How Snowbirds Can Trim Tax Bills in Retirement
I read your column about states that don’t tax retirement income. I’m retired and plan to spend part of the year in New York and part in Florida, which has no state income tax. What do I need to do to make sure I’m considered a resident of that state?
Snowbirds need to be particularly careful when establishing their state of residency for tax purposes. Some higher-tax states, such as New York, have intensified efforts to audit part-year residents who claim a lower-tax state (such as Florida) as their state of residence.
See Also: 10 Most Tax-Friendly States for Retirees
The first step is to prove that you lived in the lower-tax state—in your case, Florida—for more time than the higher-tax state. “Keep a diary that shows where you were on every day,” says Michael Goodman, a CPA in New York City.

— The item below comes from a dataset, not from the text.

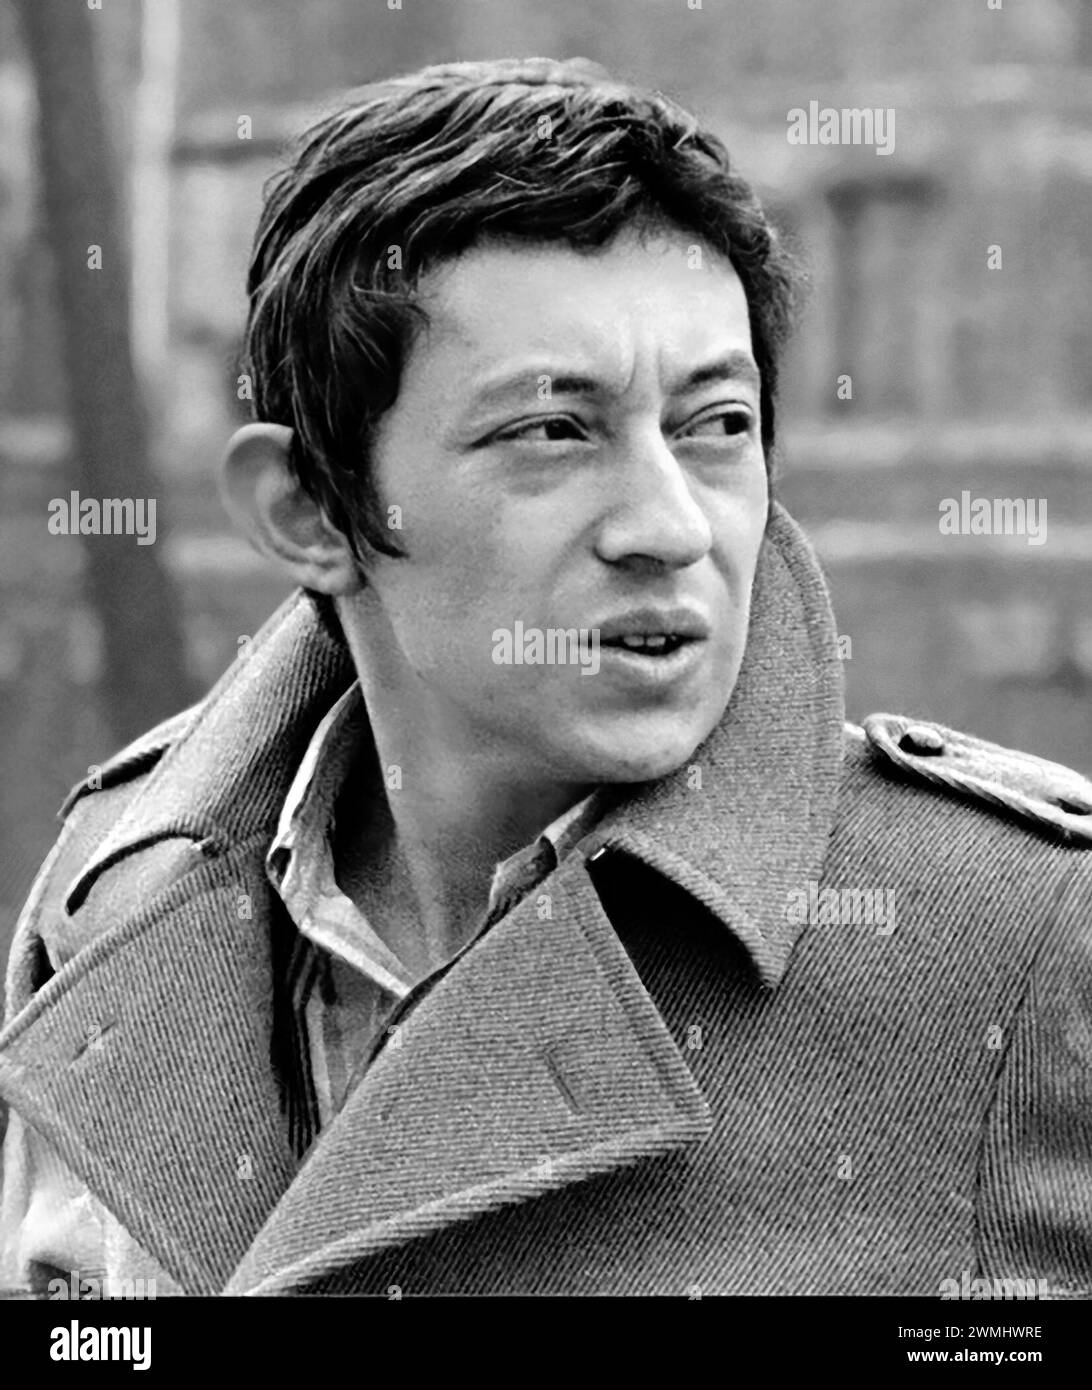 Serge Gainsbourg. Retrato del actor y cantante francés, Serge Gainsbourg (Lucien Ginsburg: 1928-1991) en 1971 Foto de stock

But establishing the number of days isn’t the only requirement, says Terry Seaton, a CPA in St. Augustine, Fla. He recommends changing your driver’s license, car and voter registration to Florida, using your Florida address on your federal income tax filings, and doing your primary banking with a Florida bank. Also, list your Florida address on all life insurance policies, brokerage accounts and other legal and financial documents. Notify Medicare, Social Security and other government agencies of your Florida address, and file a “Declaration of Domicile” form with the Clerk of the Circuit Court. Taking all of these steps isn’t a requirement, but it does help build your case if you’re audited by your former state. Similar steps can help you build your case for residency in other states.